About the API¶
A few things you must know before diving into the API:
Everything is JSON¶
Every request should have a JSON payload; anything else will be refused and return a 400 status. For example:
POST /randomendpoint
Host: example.com
Accept: text/html
Content-Type: application/x-www-form-urlencoded
field1=value&field2=value
The response will always be:
HTTP/1.1 400 Bad Request
Content-Type: application/json
{ "status": "ERROR", "message": "Request MUST be in JSON format" }
If instead you do a proper JSON request with:
POST /randomendpoint
Host: example.com
Content-type: application/json
{ "field1": "value", "field2": "value" }
Then everything would go fine.
Standard responses¶
Responses will always have a status parameter with the result of the operation – more fields may be also returned, depending on the request.
Successful requests with have the value OK for status – and, again, more fields may be returned in most cases. Also, the HTTP status code will always be 200.

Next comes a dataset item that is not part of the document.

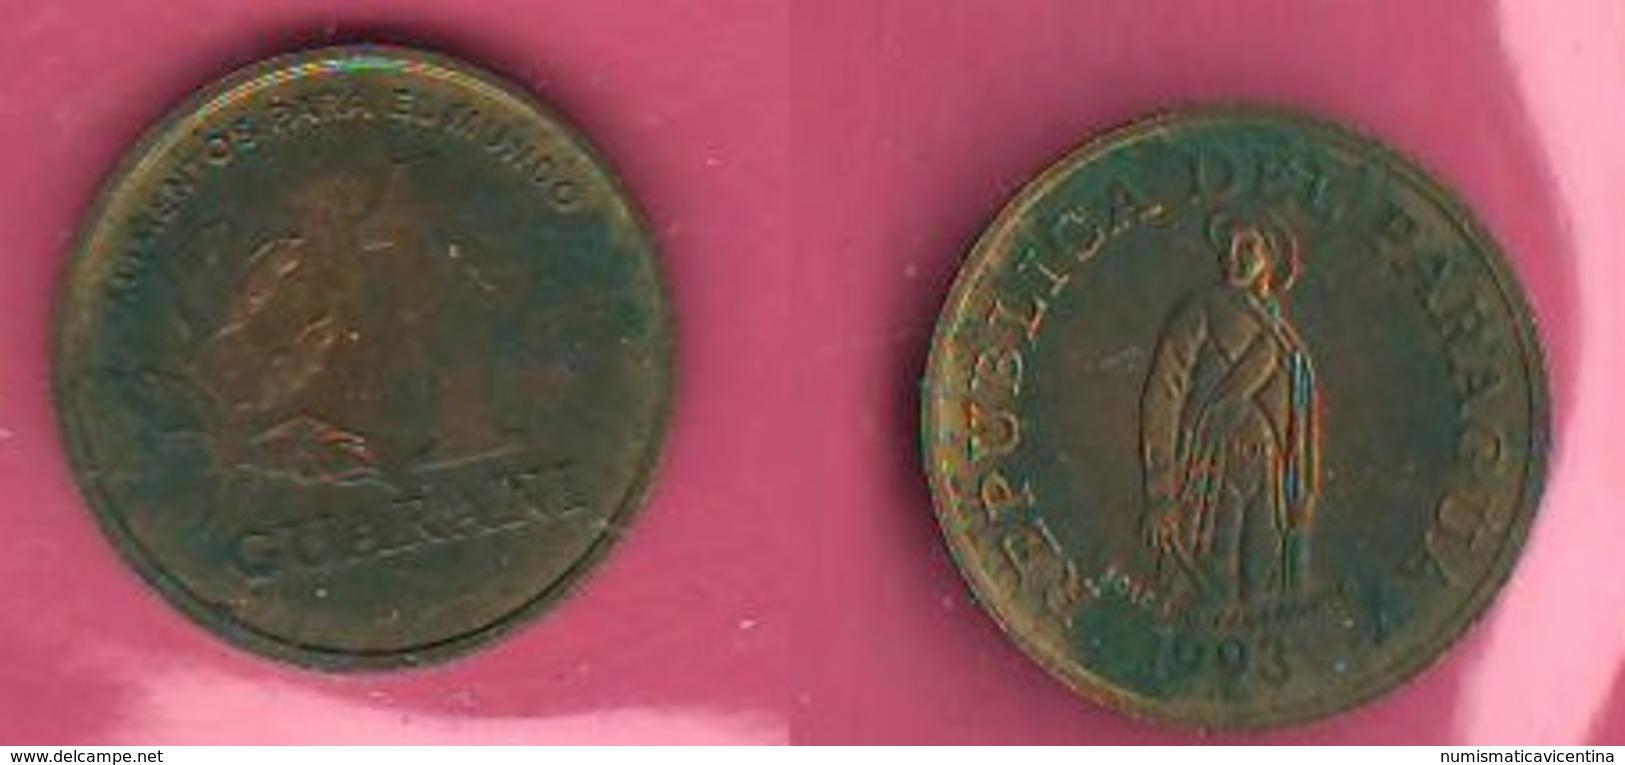 1 Guarani 1993 FAO Paraguay - Paraguay

In case of failure, status will have the text ERROR (in all caps) and a message field will have the reason for the error – and, as success, it may contain more fields with information about the error. For different errors in the operation there will be a different HTTP status. We tried as hard as possible to give each error a meaningful HTTP status, even if this sometimes wouldn’t make much sense – for example, if you try to change the ownership of a group and the group doesn’t exist, you’ll get a 404 status; if the new owner doesn’t exist, instead of a proper 404, we will return a 412 status, not because there is a precondition error in the headers, but because we need a different code to point that the new user does not exist.
Redirects¶
All URLs must end with “/”; if you forget to add them in the URL, you’ll receive a redirect to the path with “/”.